• [Instructions for the task]: Your task is to transcribe all of the data below exactly, omitting the images.

• [Dataset section]:
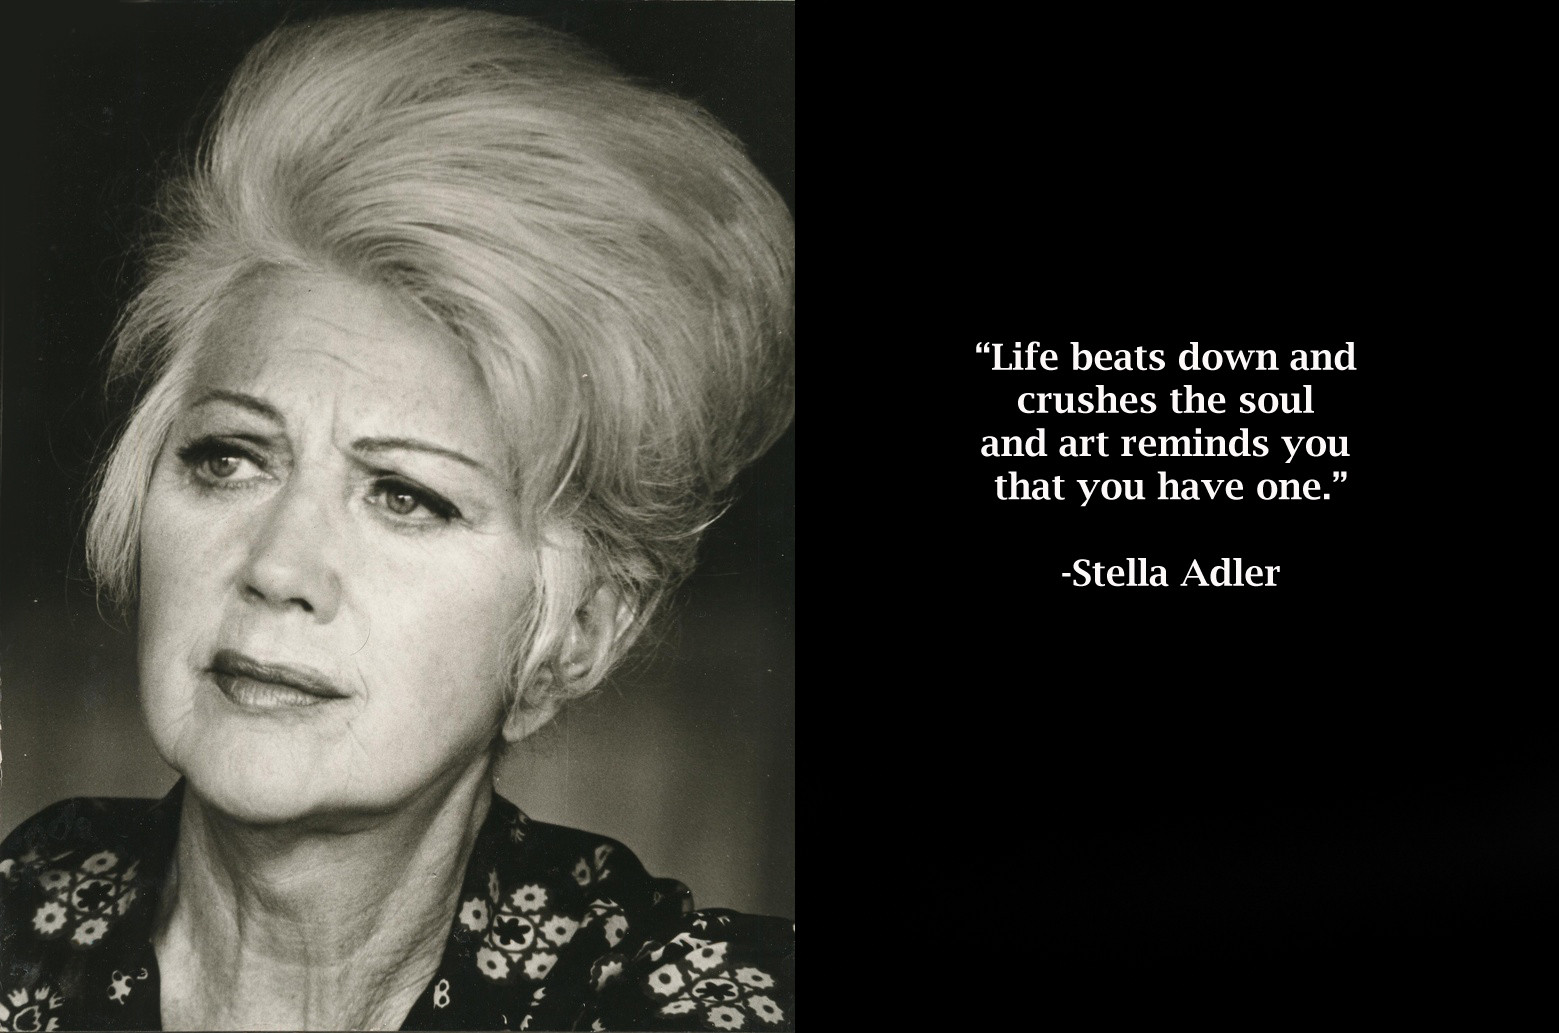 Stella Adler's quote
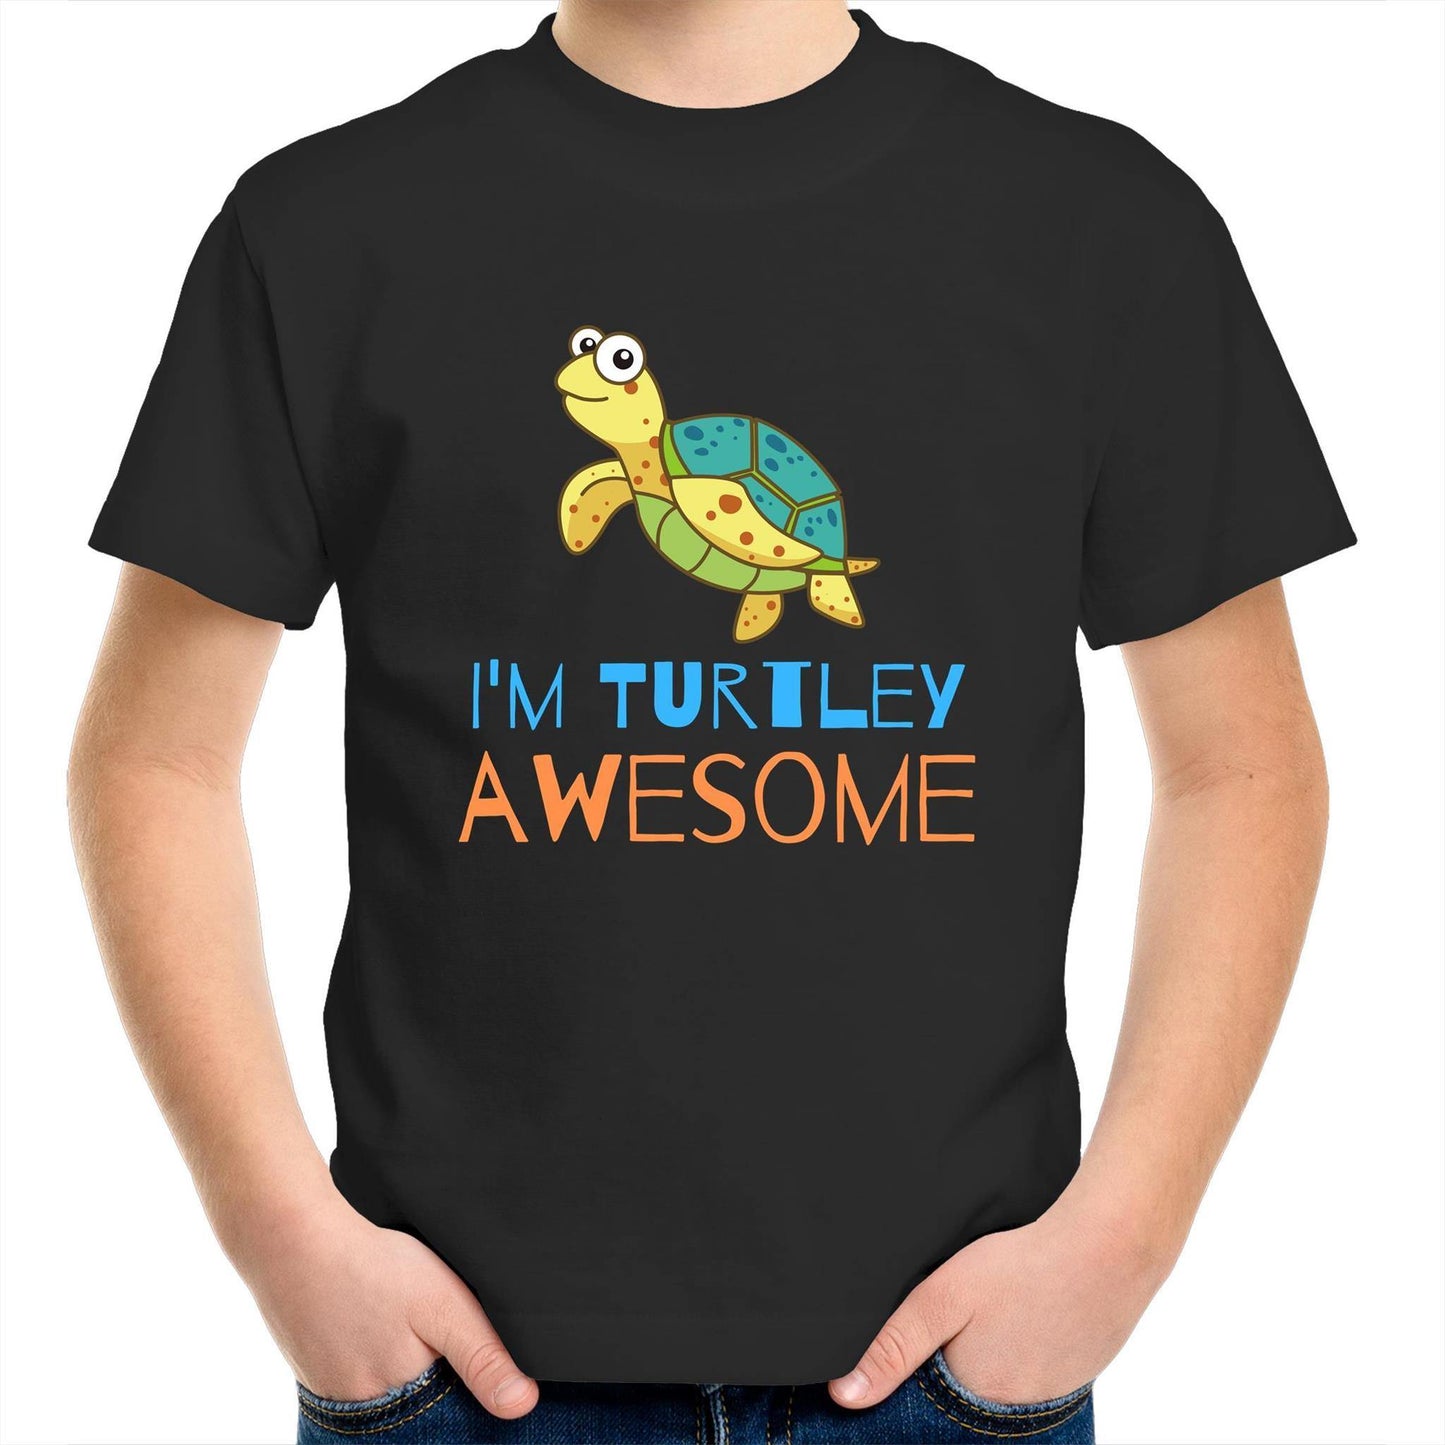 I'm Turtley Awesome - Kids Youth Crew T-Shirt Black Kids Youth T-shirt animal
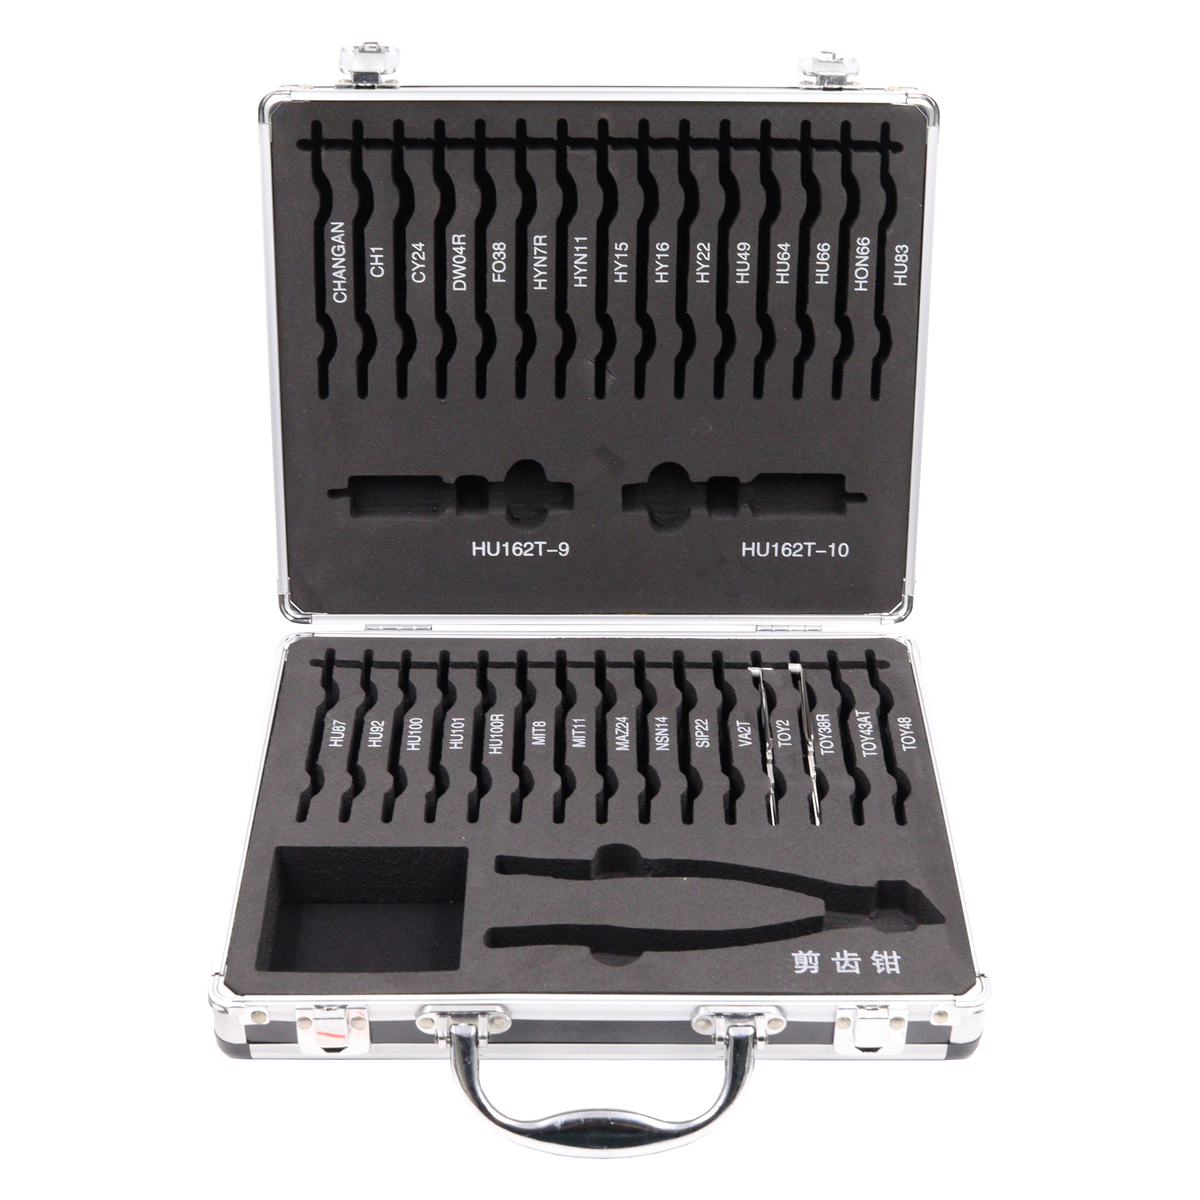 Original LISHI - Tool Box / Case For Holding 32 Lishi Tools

• [Exercise response]:
 Stella Adler's quote
 I'm Turtley Awesome - Kids Youth Crew T-Shirt Black Kids Youth T-shirt animal
 Original LISHI - Tool Box / Case For Holding 32 Lishi Tools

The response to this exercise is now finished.